Nearly two decades after California voters legalized medical marijuana, legislators are as close as they've ever been to passing the first comprehensive statewide regulations for the cultivation, transportation and distribution of the drug. This is long past due. State leaders should not let another year go by without fixing the medical marijuana mess.
And it is a mess. The Compassionate Use Act of 1996 encouraged state leaders to implement a plan to regulate safe and affordable distribution of marijuana to patients. But they were late to act and then developed ineffective guidelines. As a result, California has a patchwork of local rules governing dispensaries, but virtually no regulations on how marijuana is grown or processed, and few consumer protections for a product that, ostensibly, is for sick people.
Senate Bill 1262 is still a work in progress, but with some tweaks it would be a huge improvement over the current situation. It was introduced in February by Sen. Lou Correa (D-Santa Ana) and sponsored by the League of California Cities and the Police Chiefs Assn. The two groups have traditionally opposed efforts to legitimize the cannabis industry but came to realize that a well-crafted statewide regulatory structure could help cities and police manage the proliferation of medicinal marijuana more effectively and could serve as a framework for regulation if California follows the lead of Colorado and Washington and legalizes the recreational use of the drug.

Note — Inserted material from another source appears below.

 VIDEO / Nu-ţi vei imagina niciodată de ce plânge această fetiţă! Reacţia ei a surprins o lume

The bill as currently drafted would create a Bureau of Medical Marijuana Regulation within the Department of Consumer Affairs that would license individuals who grow, process, transport and sell the drug. The goal is to track cannabis from farm to state-certified testing laboratory to dispensary, to ensure that the product is produced legally and meets quality standards and labeling requirements. Licenses would cost $8,000 and would be granted only after a business gets local approval to operate.

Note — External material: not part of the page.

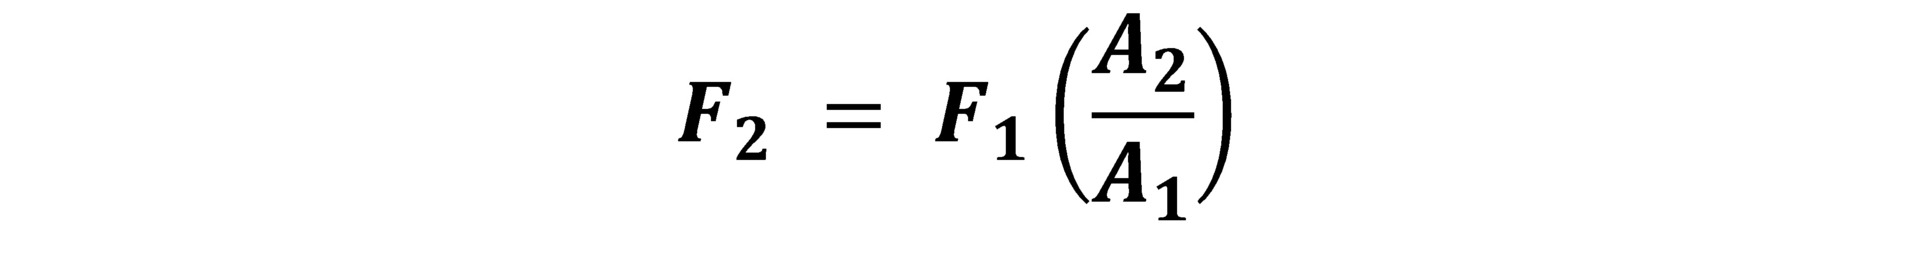 اصل پاسکال به صورت معادله بیان می شود.

So far, so good. But medical marijuana advocates have raised several concerns that reveal the challenge of legitimizing an industry that has operated in the shadows. For example, the bill would deny licenses to grow, transport or dispense marijuana to anyone with a conviction for drug trafficking, no matter how long ago the crime was committed. This provision would ban some reputable operators who got caught in the conflict between state and federal law, under which marijuana is still illegal.

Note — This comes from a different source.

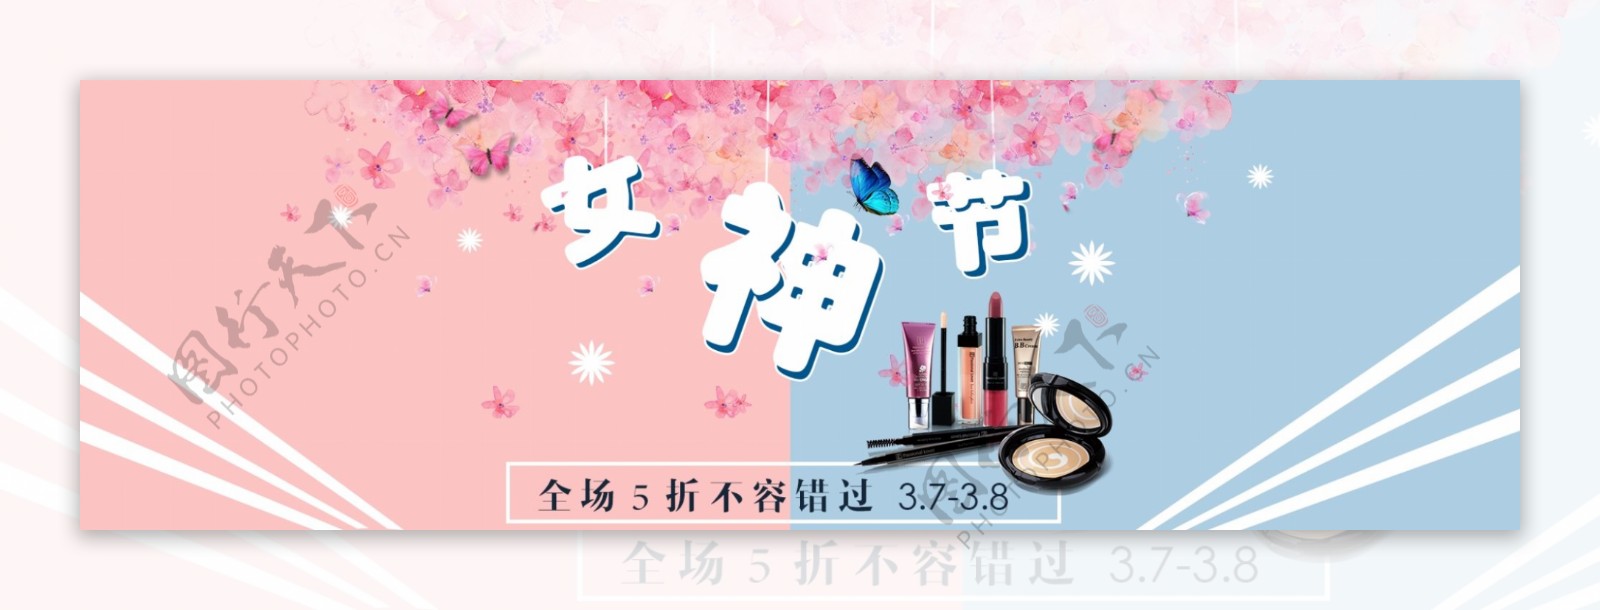 妇女节化妆品淘宝天猫海报女王节首页海报

Also, the state would grant a license only if the cultivator or distributor could show that local rules were being followed. But few jurisdictions permit or regulate cannabis farms, meaning much of the state's marijuana is grown in a legal limbo and those growers cannot produce proof of compliance. This could also be a problem in Los Angeles. Proposition D granted more than 100 dispensaries limited immunity from city enforcement, but officials are concerned that because L.A. does not actually issue permits to those dispensaries the operators would not be able to get a state license.
Statewide regulation should sanction legitimate medical marijuana businesses and eliminate criminal elements so that customers can get a safe, reliable product. If the bill is too punitive, marijuana operators will go back into the shadows and California will be stuck in the same mess.